# Whos heard of Horn of the rhino?



## Deleted member 20975 (Jun 29, 2019)

Been one of my favorite bands for a while, curious to know other people into them. Vinyl is expensive af and hard to find. Any related bands to suggest?


----------



## Matt Derrick (Jun 30, 2019)

what genre is the band? it's hard for me to suggest something similar since we don't have a sample to listen to or know what genre that band falls into.


----------



## Deleted member 20975 (Jul 6, 2019)

Matt Derrick said:


> what genre is the band? it's hard for me to suggest something similar since we don't have a sample to listen to or know what genre that band falls into.

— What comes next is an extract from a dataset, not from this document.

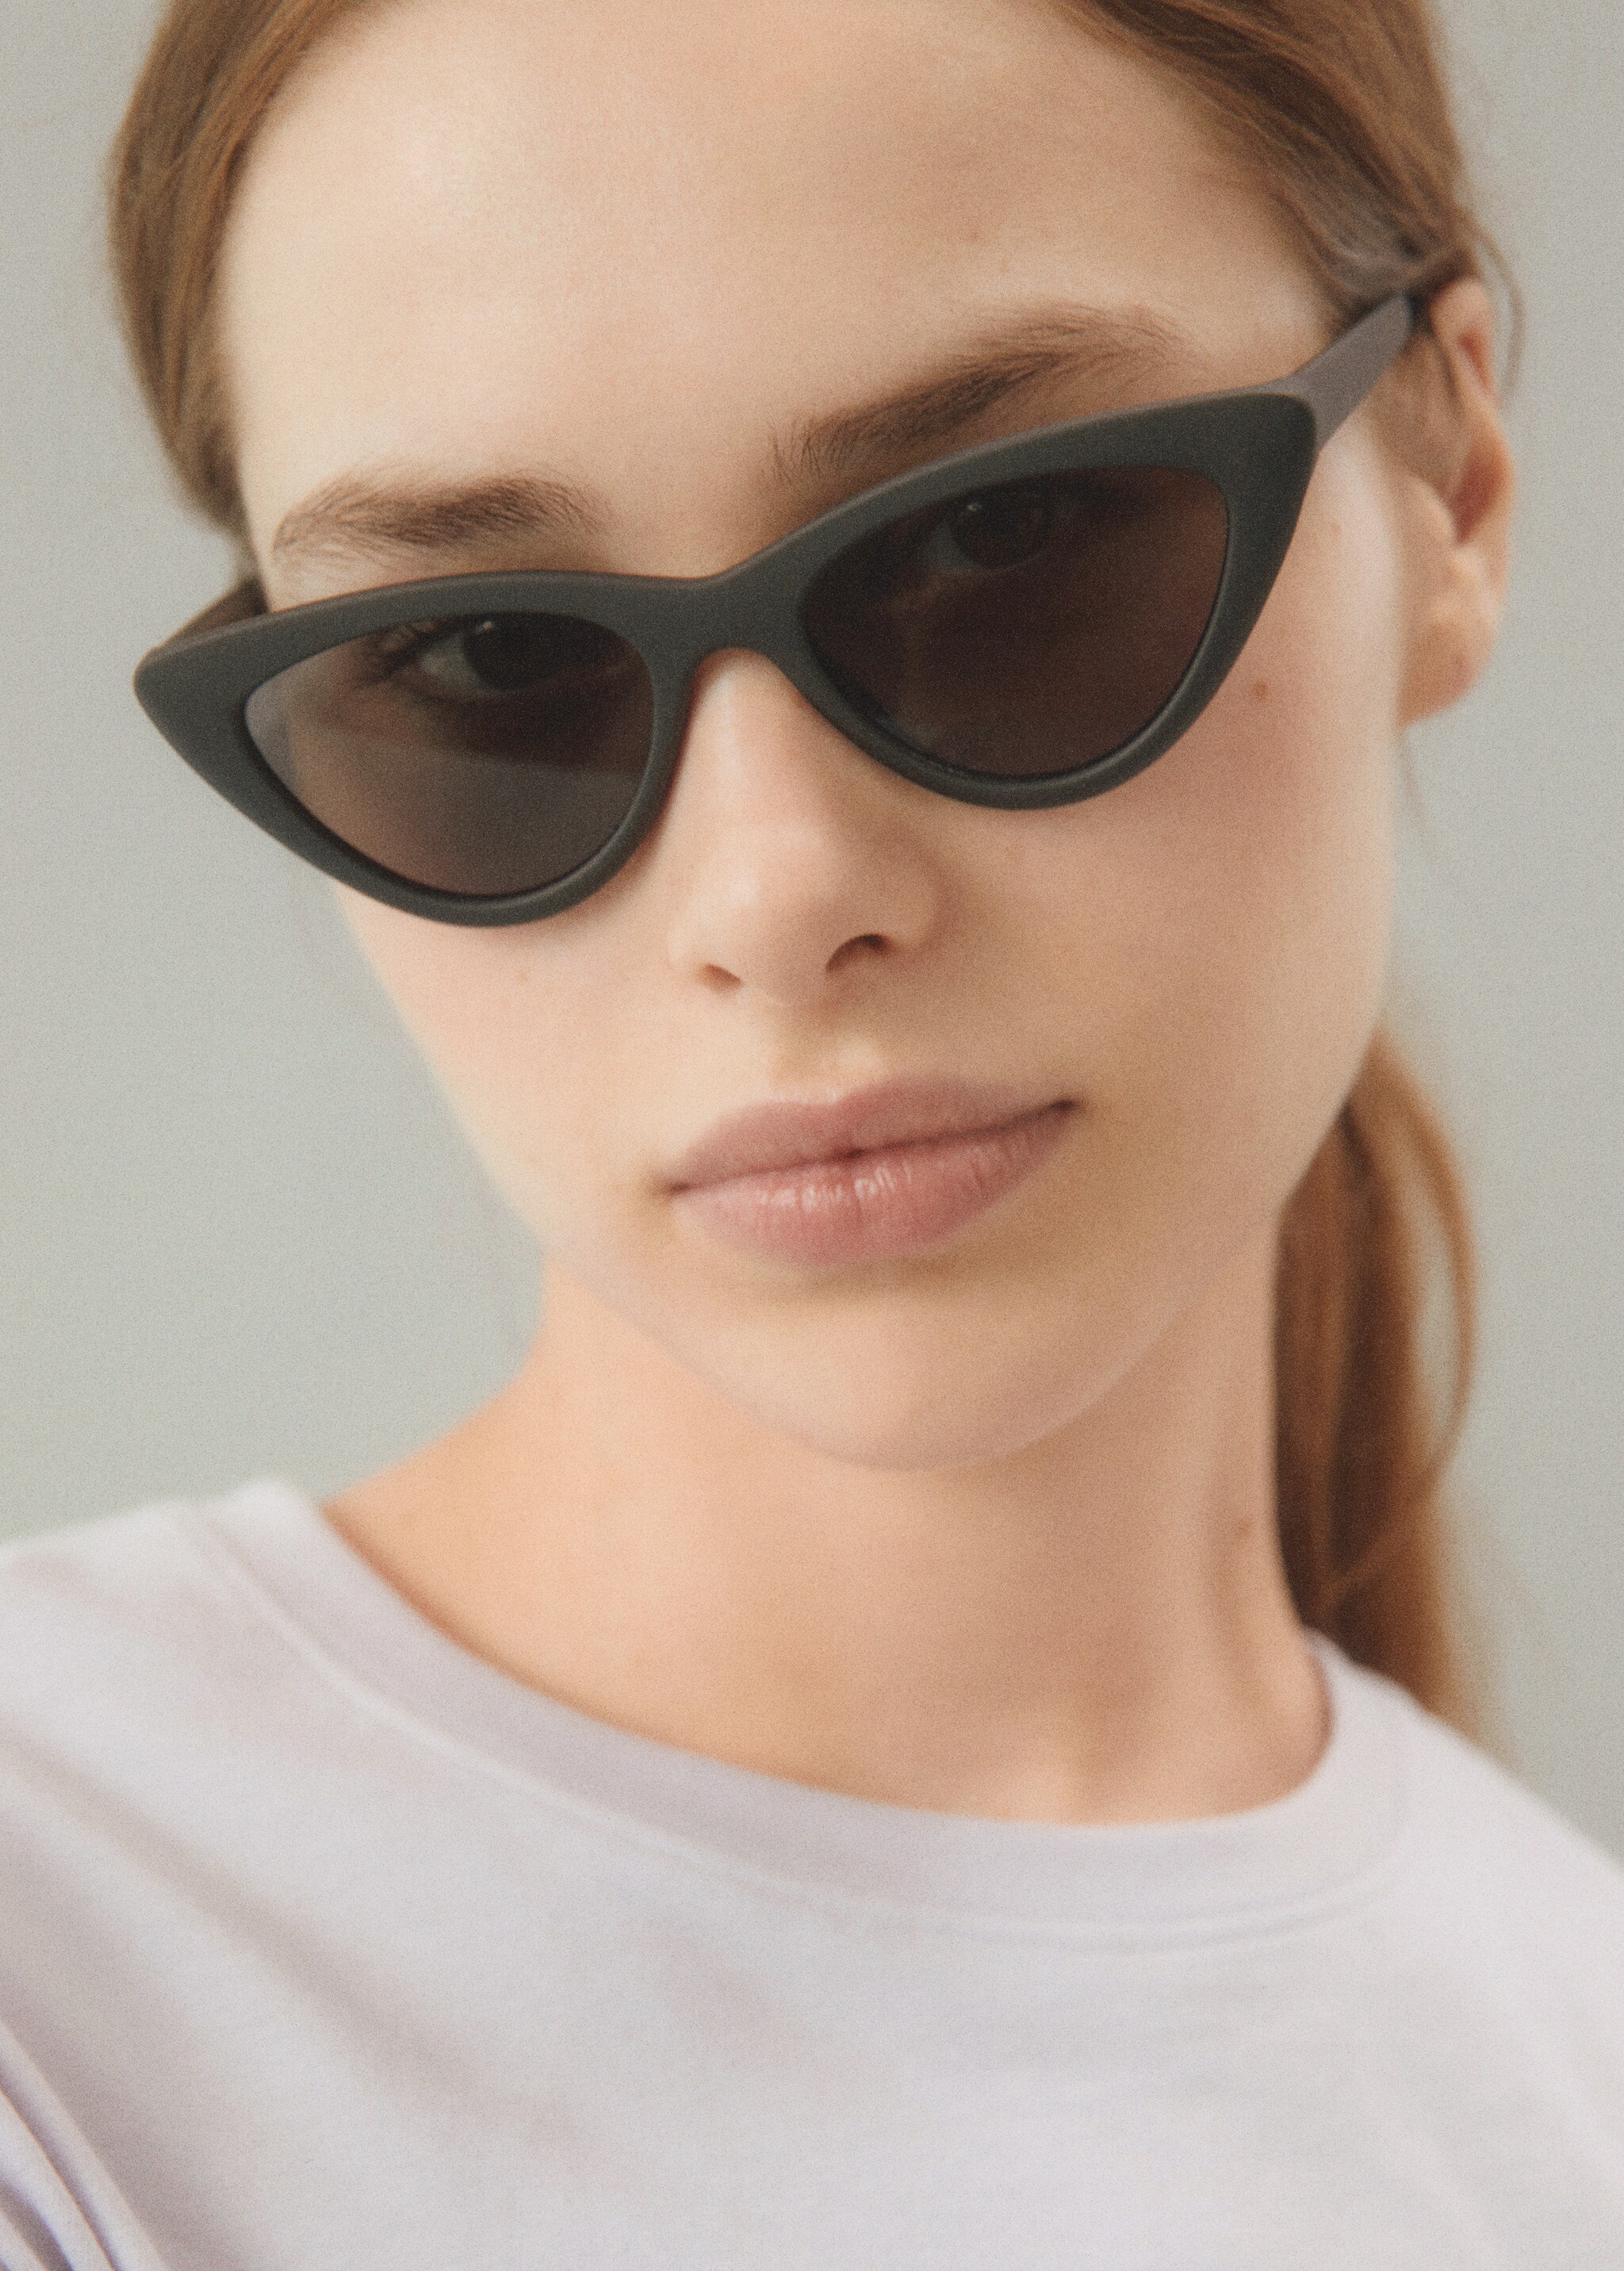 Retro style sunglasses - Details of the article 6
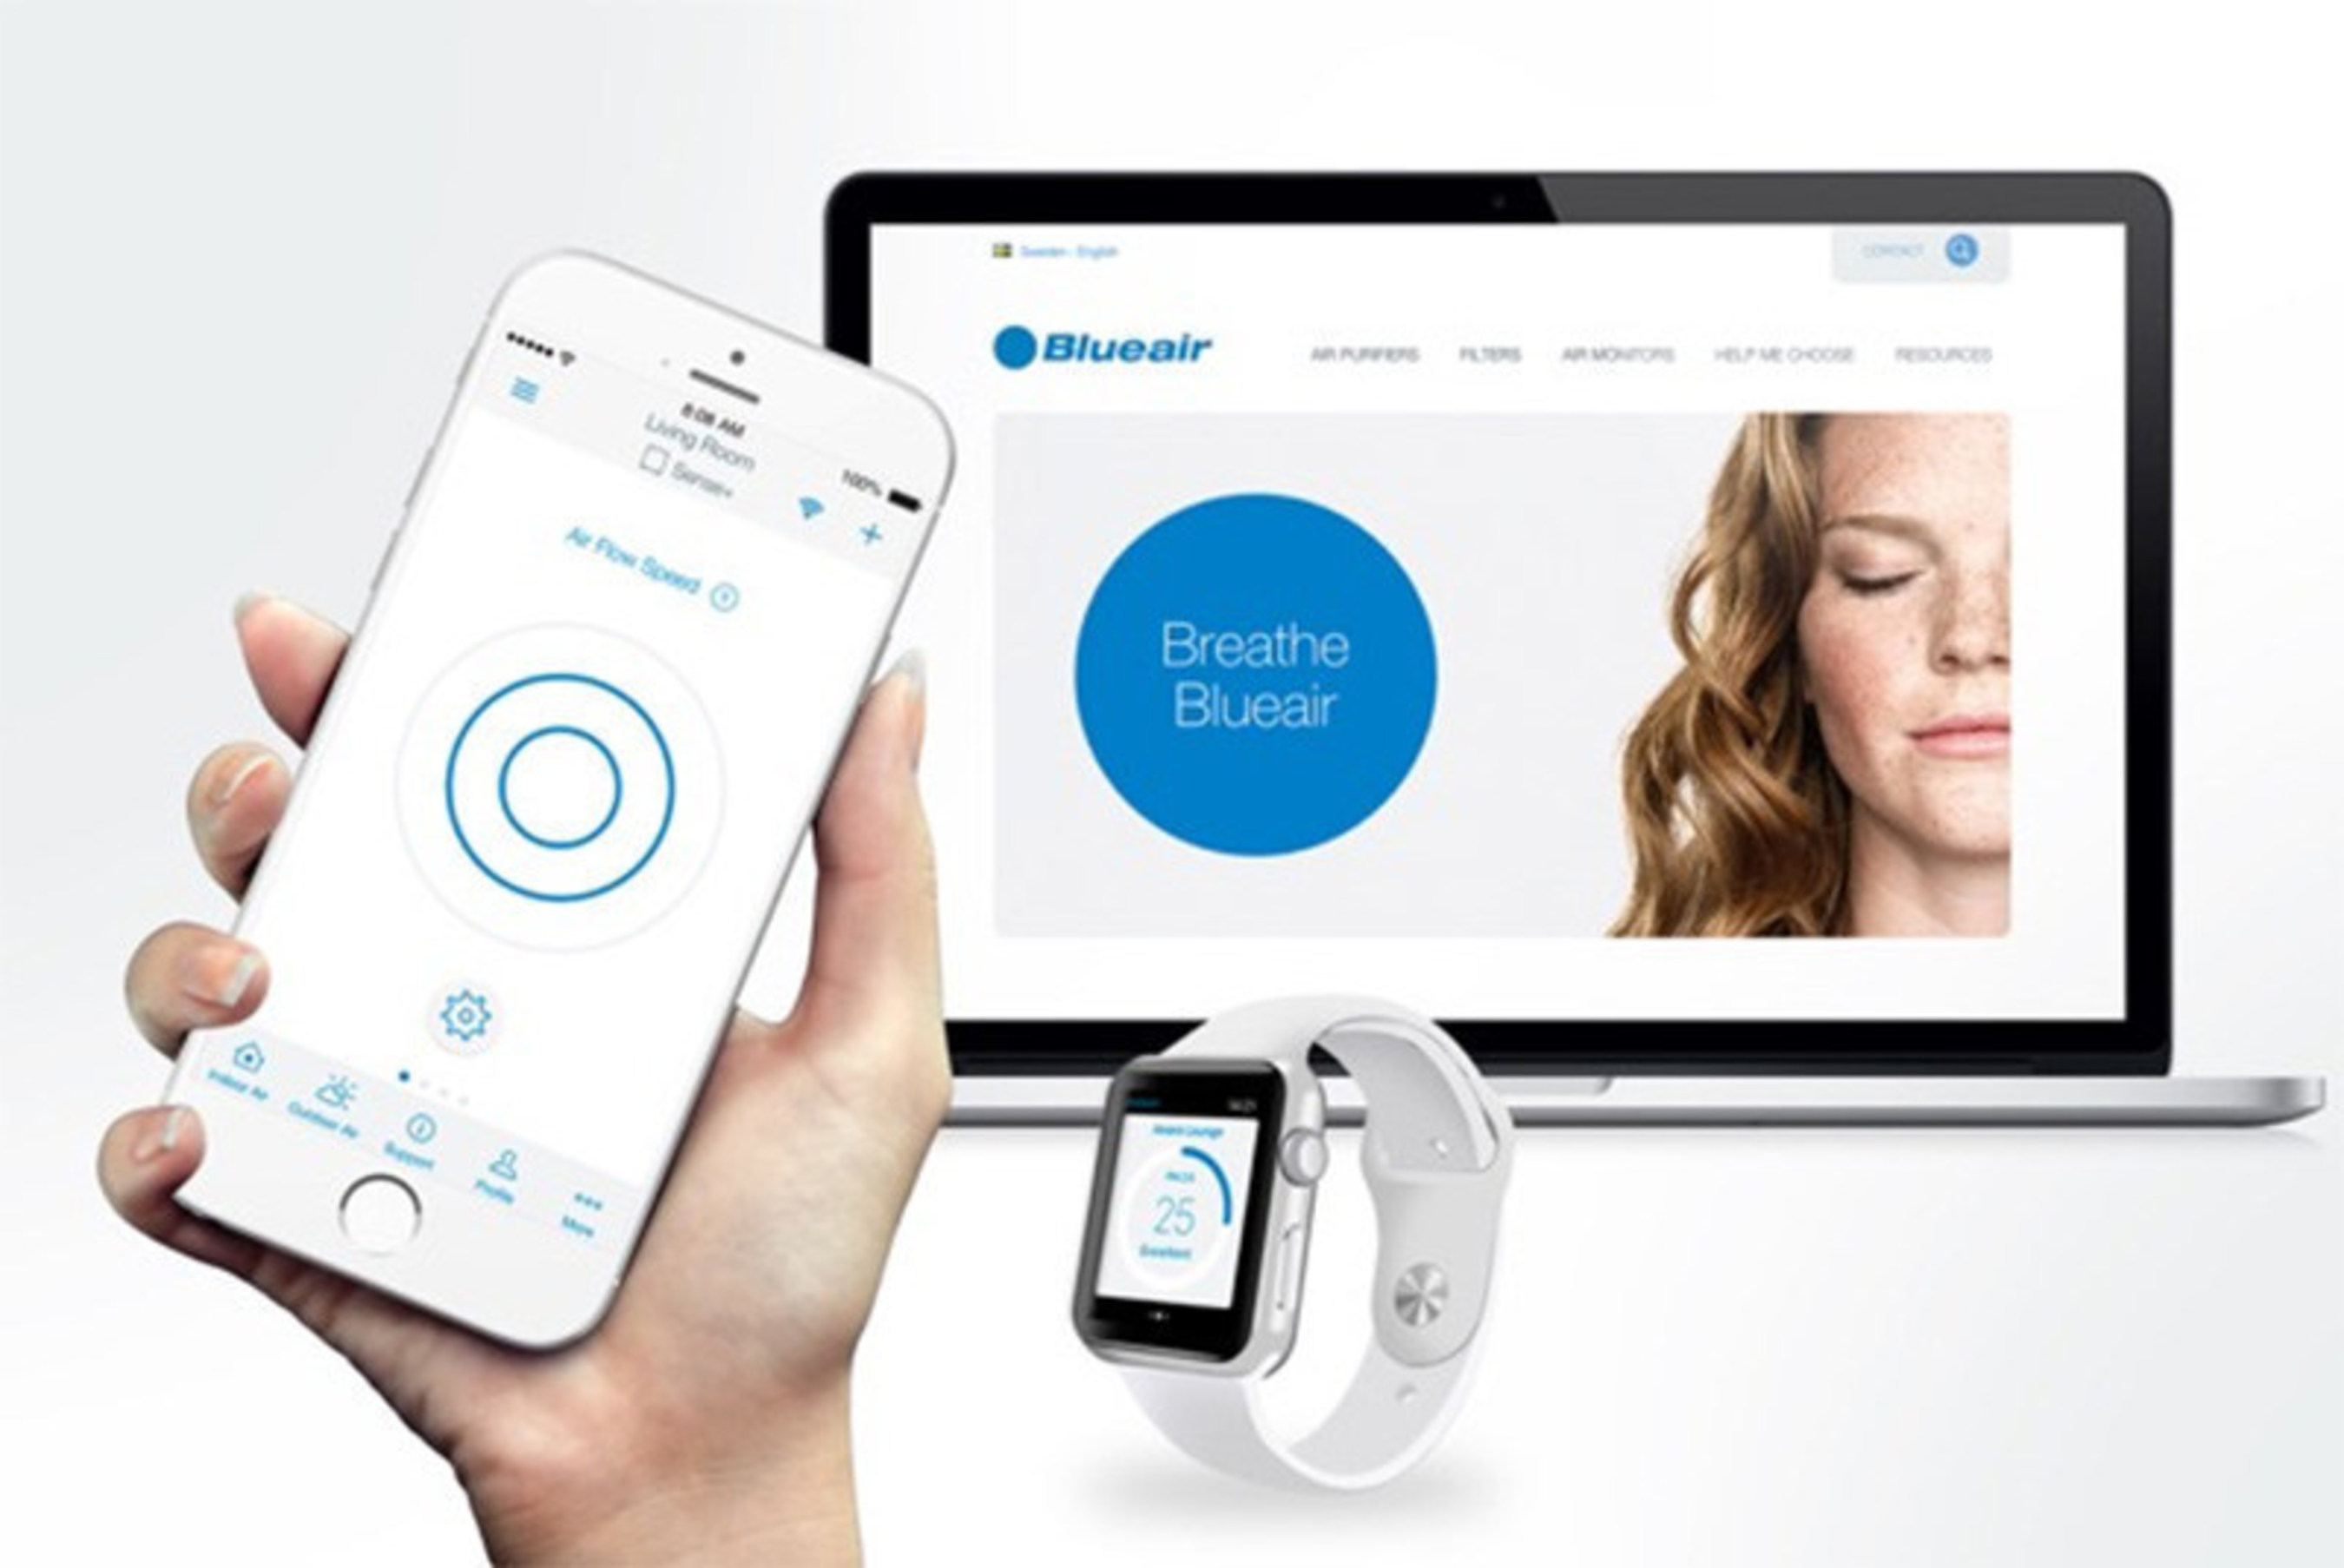 Blueair's Cloud-based Wi-Fi connected air quality monitoring devices, including the Aware AQ monitor and Blueair Friend app that can be installed on all Android and Apple mobile devices including the Apple watch, connect wirelessly to a Blueair indoor air purifier to adjust its performance in line with indoor air pollution levels. (PRNewsFoto/Blueair) (PRNewsFoto/Blueair)

I tried uploading a mp3 or a video but failed. They are pretty doomy, skillful vocals. Im not good at describing music in a genre. Some slow chuggy doom songs some more progressive metal perhaps. Anyone reading this post obviously is on the internet so youtube that shit.


----------



## Deleted member 20975 (Jul 7, 2019)

Might be confusing them with "stoned jesus" tho


----------



## Deleted member 125 (Jul 7, 2019)

NotmybestNotmyworst said:


> I tried uploading a mp3 or a video but failed. They are pretty doomy, skillful vocals. Im not good at describing music in a genre. Some slow chuggy doom songs some more progressive metal perhaps. Anyone reading this post obviously is on the internet so youtube that shit.



https://www.google.com/search?sourc...KPjAhVNhOAKHex3BDsQri4IgwEwDQ&biw=601&bih=763
I used google to provide a link so maybe people will give them a listen and know of any other similar bands. I just thought it made sense instead of telling people to YouTube it that I leave a link people could click on since people are pretty lazy and you really seemed like you wanted to find other related bands. I could recommend some, but yer obviously on the internet so Google that shit.


----------